Software: King of SWaP
Size, weight, and power (SWaP) considerations have always been important for embedded electronics but will become even more critical in the future. Driving this trend in embedded system design is the plethora of small platforms, such as unmanned aerial vehicles (UAVs), entering the inventory. Developers of the processing systems that will be deployed on this growing cohort of small, intelligent, sometimes battery-operated platforms at the tactical edge will have to scrutinize hardware and software components to ensure the most efficient use of resources.
SWaP optimization involves hardware and software issues. System developers often start the design process with a list of hardware specifications: the size of a box, its processing throughput, the power budget, and cooling requirements. Other decisions involve the form factor of the board or boards, the memory space – it may not be much – the I/O fabric, and the processing chips.
Special-purpose graphics processing units (GPUs), for example, might improve throughput by such a wide margin that they are the go-to silicon. GPUs burn a lot of power, but if one GPU can do the work of four or five general-purpose processors, it would save system size, weight, and power. Small platforms need just enough performance to do the job – that is, not too much. Program managers want room for growth but do not want to leave unused MIPs or FLOPS – and associated power penalties – on the table.
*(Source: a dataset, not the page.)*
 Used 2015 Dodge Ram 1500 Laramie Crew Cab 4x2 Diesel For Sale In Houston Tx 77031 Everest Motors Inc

To maximize collaboration between software and hardware, application developers require real-time, dynamic, and highly granular insights into hardware metrics such as CPU utilization and timing issues, CPU events such as cache and pipeline stalls, number of interrupts, memory bottlenecks, and inefficiencies at every step in the execution of an algorithm.
Software to optimize SWaP
Software-development tools are critical to SWaP optimization on target hardware. Good software-development tools provide windows into the software’s potential and actual interaction with the hardware, allowing the application to be tuned to execute with the fewest penalties. Among the most important tools at the developer’s disposal are middleware libraries; math libraries; and algorithm optimization, profiling, and visualization software.
Middleware is a key to application performance and power efficiency. Middleware has many roles, one of the most important of which – in embedded applications – is to enable the most effective distribution of data between hardware nodes. Modern CPUs typically are designed as complex multiprocessors on a chip, where each core can run many threads simultaneously. The smaller the embedded system, the more critical efficient data flows become.
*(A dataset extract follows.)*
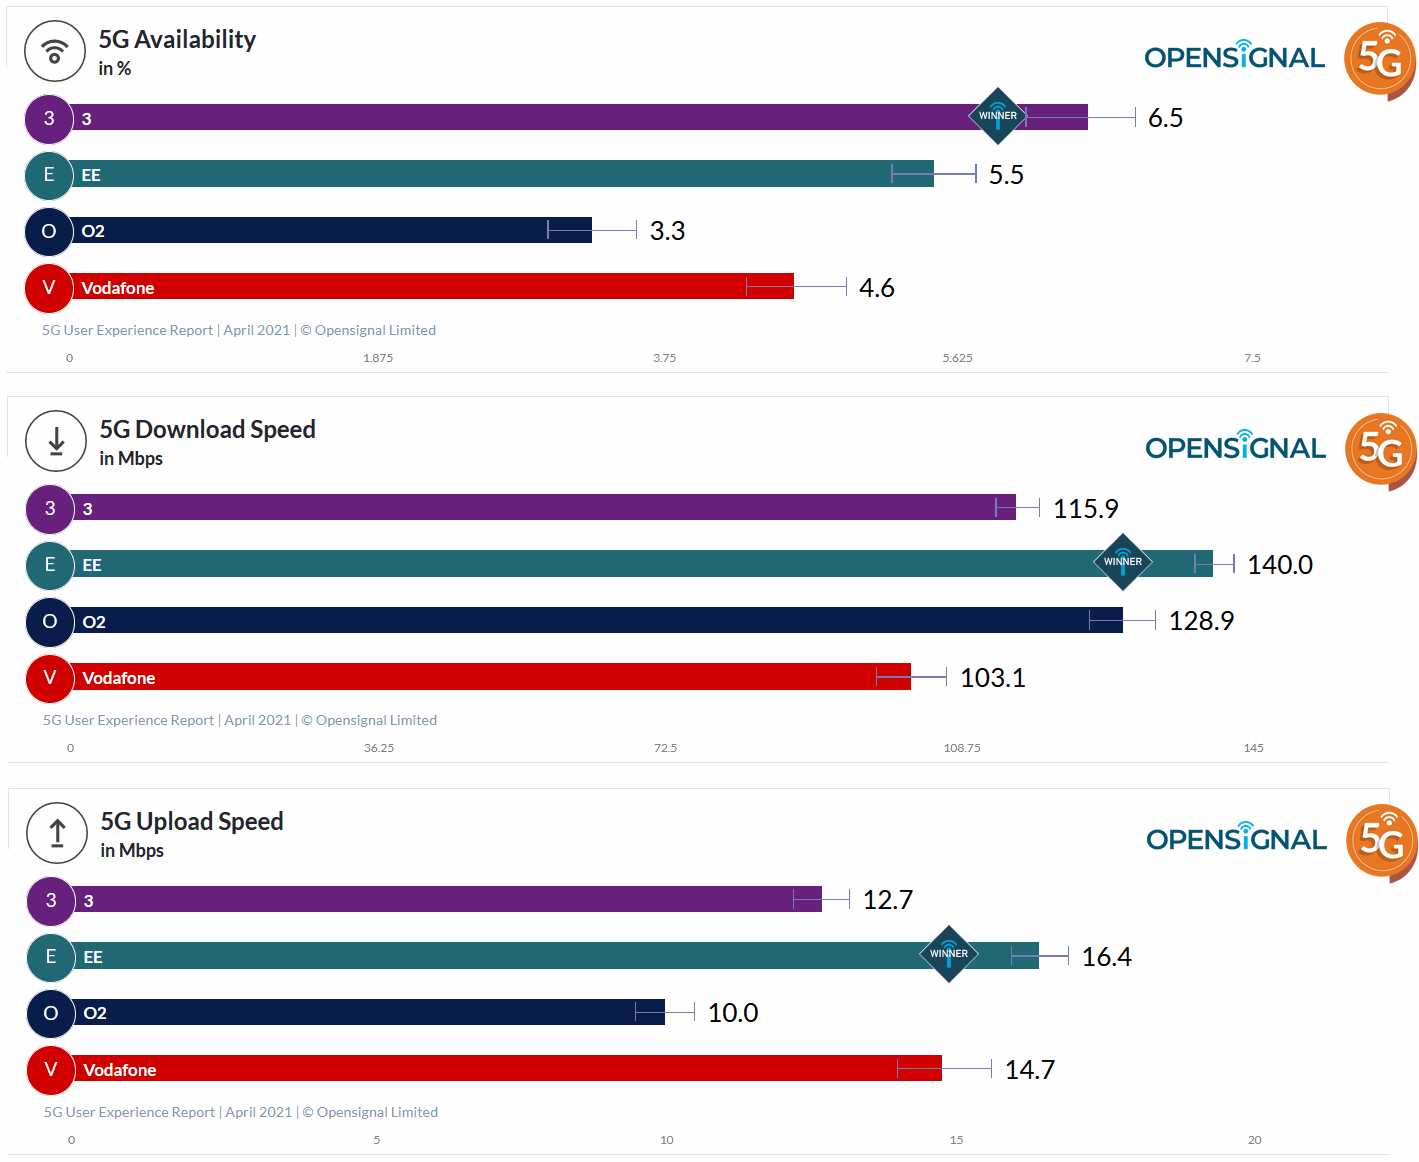 opensignal_uk_5g_performance_april_2021

A popular middleware choice is MPI (message passing interface), which is available in open-source and proprietary implementations. For reasons having to do with its origins in processor-rich environments such as data centers, some versions of MPI are more focused on low latency than on power efficiency. A typical example of a middleware-induced inefficiency is the “spin loop.” This event occurs when a processor waits for data to arrive while consuming cycles, burning power, and dissipating heat without accomplishing anything. A better approach for miserly embedded systems is to let the cores either sleep or perform other tasks while waiting for data to arrive.
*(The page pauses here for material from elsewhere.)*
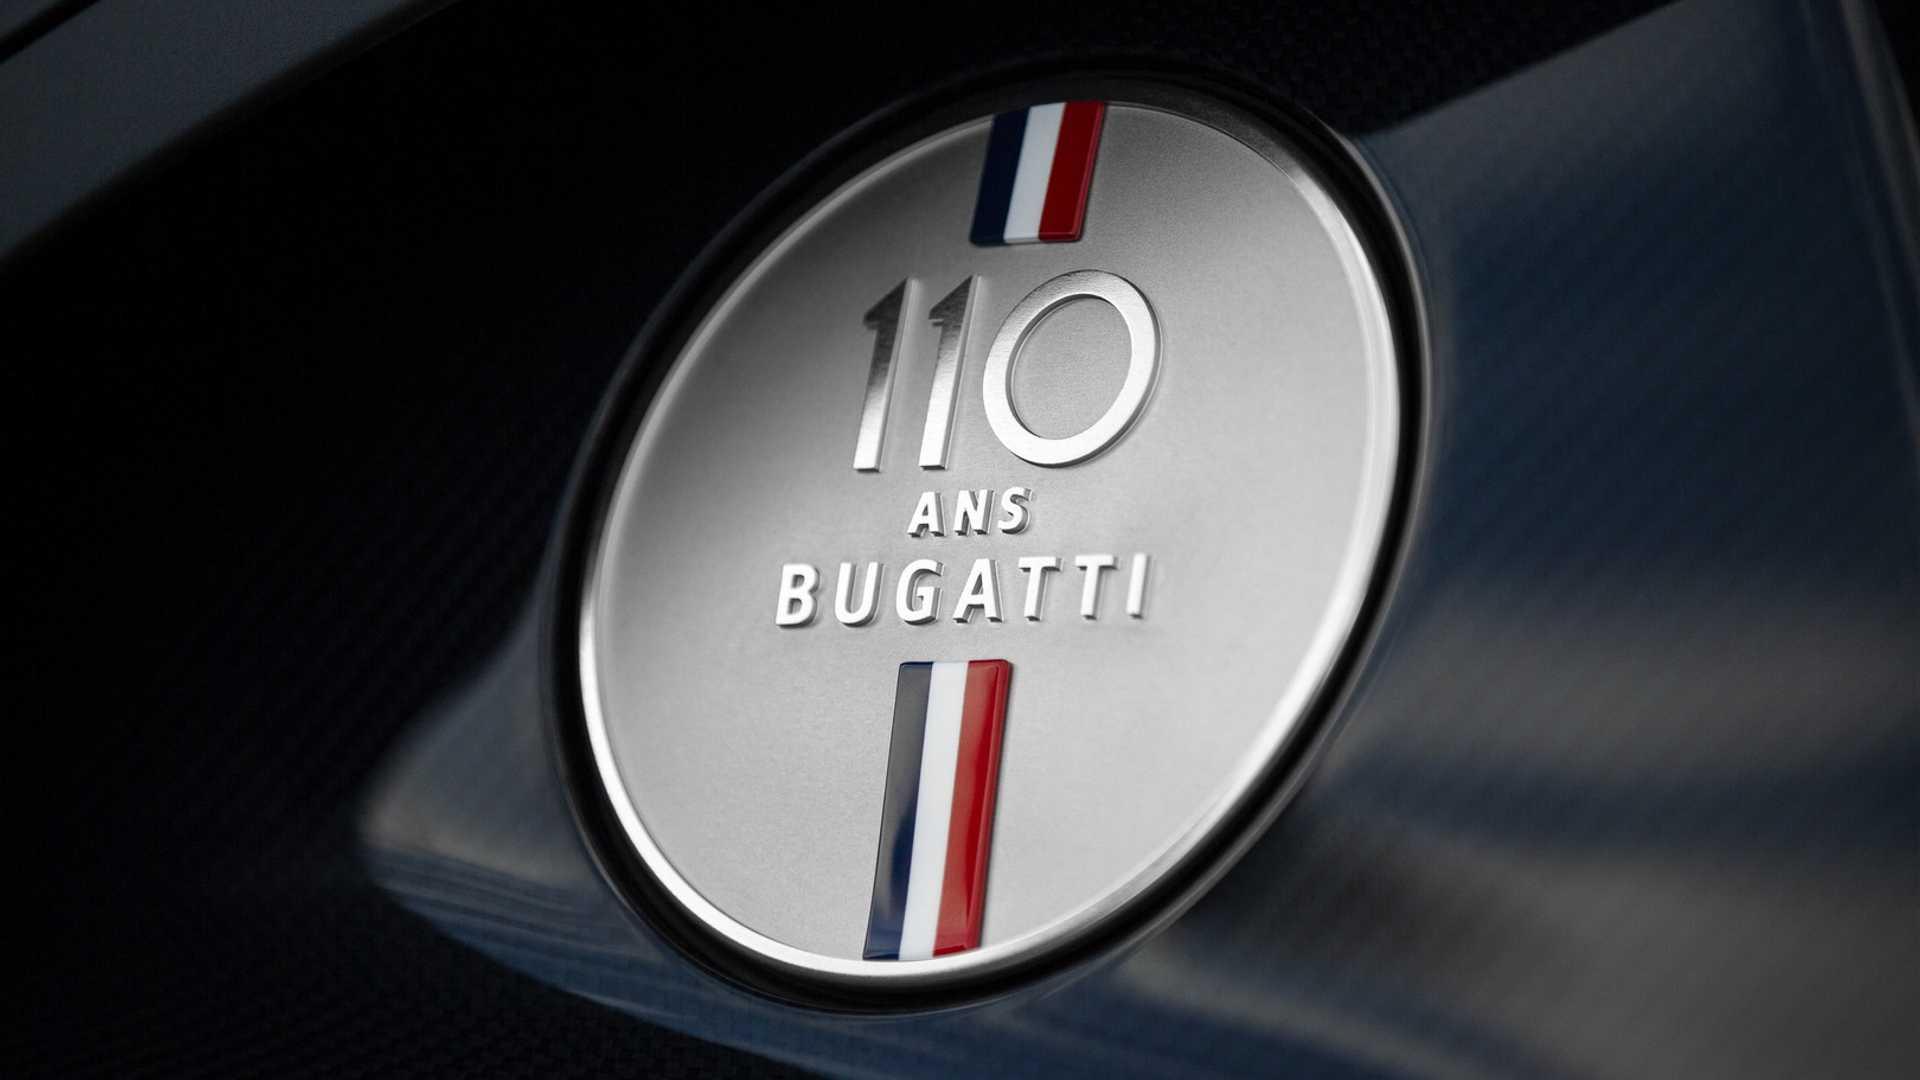 bugatti-chiron-sport-110-ans-bugatti (7)

Another tool for tuning applications involves optimization of algorithms, the core logic that instructs the computer how to execute its functions. The more efficiently the algorithm is coded, the faster the application.
Software analysis, however, requires insight not only into the structure of the code but into how well the program executes on the target hardware. Especially where deterministic performance is required, developers must identify bottlenecks and scrutinize functions that may be consuming excessive processor time or memory space. Much of this information can be gleaned by visualizing timing issues as the code is running via an intuitive graphical user interface (GUI) that highlights performance issues across multiple cores and their distributed threads.
An example of such technology is Abaco Systems’ AXIS Pro toolkit, which includes an integrated GUI, optimized MPI libraries, extensive math function libraries, and the EventView profiling and analysis program. (Figure 1.) All of the tools are aimed at reducing the complexity, time, and cost of developing and debugging multiprocessor embedded applications without getting lost in the hardware weeds.
Software is the star of embedded systems, but it is accelerated or constrained by its hardware base. Accurate, immediate, and detailed insight into the interaction between the software and the hardware is the best recipe for a successful, SWaP-optimized system.